Click Here to Enter Contest


----------



## GuitarsCanada

A review of the Empire. 

[video=youtube;_OdFuPzoe5c]http://www.youtube.com/watch?v=_OdFuPzoe5c[/video]


----------



## GuitarsCanada

Contest is now open.


----------



## GuitarsCanada

I just realized it wont stay on top if I close it. Please remember this is not a post contest. You must enter via the link on the OP


----------



## ezcomes

this is awesome! thx!
entered it earlier!
its a nice guitar...not sure if i'll pass this on to my friends...


----------



## fredyfreeloader

I've entered, looks great now, if everyone replies to the thread when they enter it will always stay on top


----------



## zontar

For some reason the link wasn't working yesterday, but it is today...

Entered...


----------



## Intrepid

I had been looking at the Belmont with a Bigsby for the last couple of weeks so maybe I'll hold off until I win the Empire. Great contest.


----------



## AlterEgo

Wow, thanks another amazing contest!!!


----------



## GuitarsCanada

AlterEgo said:


> Wow, thanks another amazing contest!!!


Stick with GC it will only get better


----------



## sulphur

Done, I'm in!

Cool guitar, I'm liking that pickup combo.
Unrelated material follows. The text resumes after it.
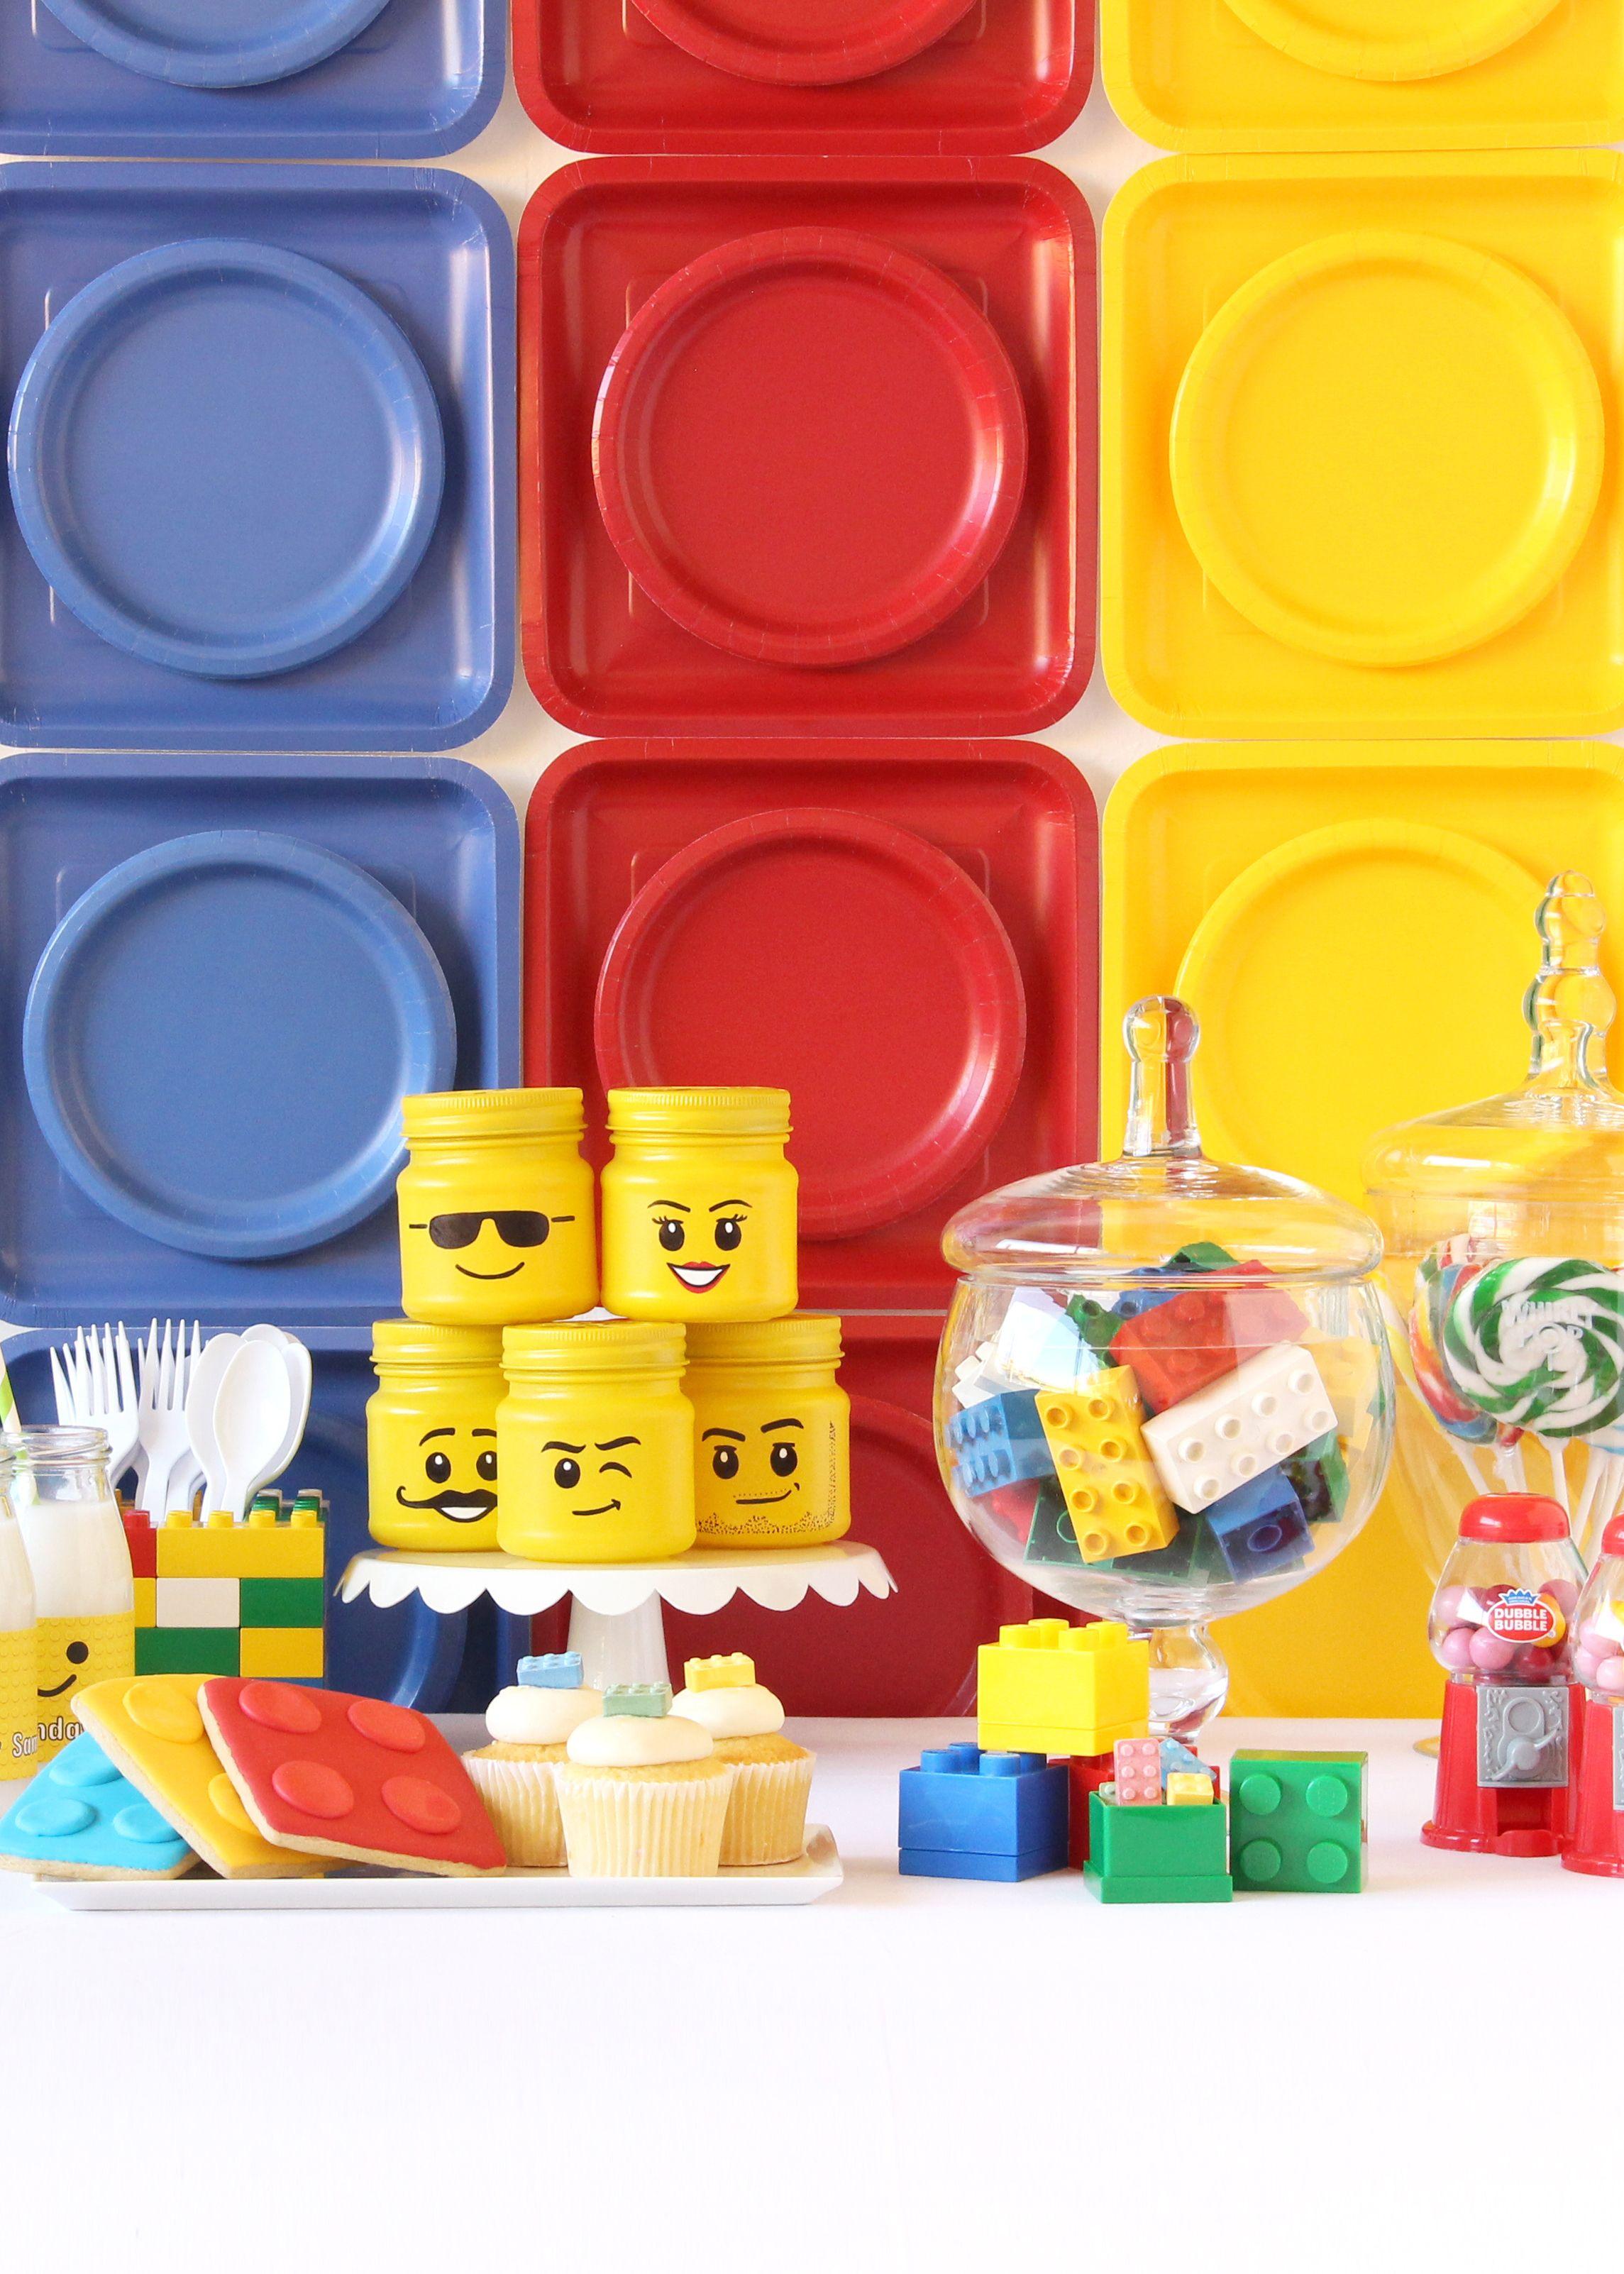 Kids Birthday Lego Party Birthday Party Themes Lego Themed Party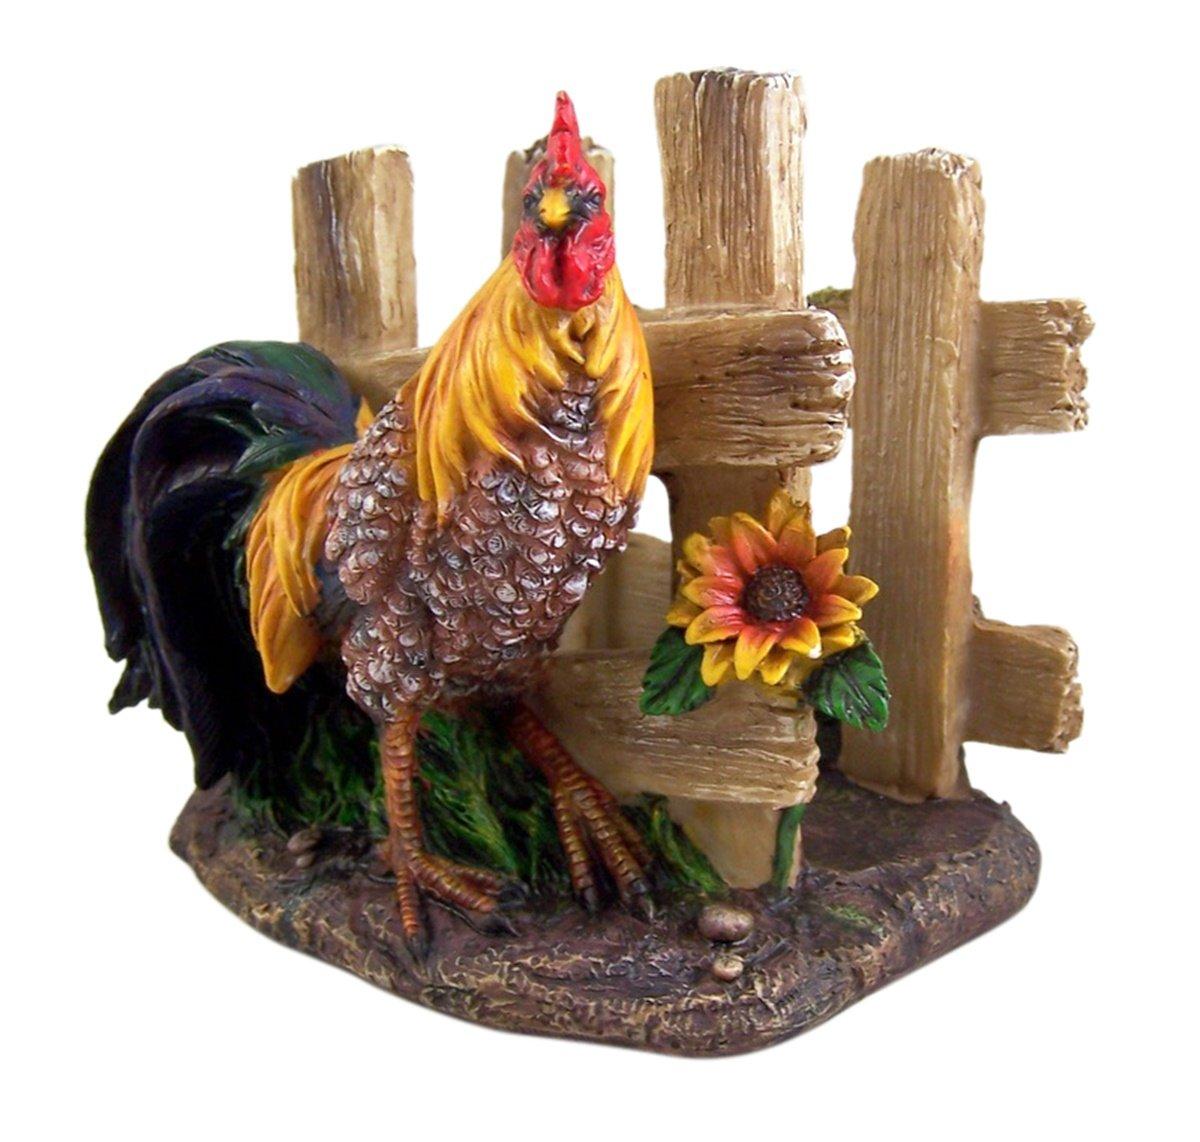 Farm Yard Rooster Napkin Holder 5 1/4 Inch by Decorative Napkin Holder (Image #1)

Thanks to Scott and the sponsors for the cool contest!


----------



## Milkman

Yes, as always, thanks to Scott and Richmond Guitats.What a cool retro looking guitar!


----------



## Kenmac

I entered. Thanks again to everybody involved in this contest and good luck to all who entered.


----------



## Guest

GuitarsCanada said:


> I just realized it wont stay on top if I close it. Please remember this is not a post contest. You must enter via the link on the OP


was wondering what happened to my post.


----------



## Big_Daddy

Thanks to GC and Richmond. Premier Guitar is a great mag, too. I can always use another guitar!!


----------



## keeperofthegood

yuppers, thats what I posted too. Im in and will love an email to say YOU WON but heck just entering is fun


----------



## Steve Adams

Just entered too....im a total godin products fan, so I would really Love this guitar!


----------



## Alex Csank

I'm in like Freaking Flynn!


----------



## prodigal_son

This is GREAT!! What a wicked team up too!! Many thanks to to Guitars Canada, Richmond, and Premier Guitar.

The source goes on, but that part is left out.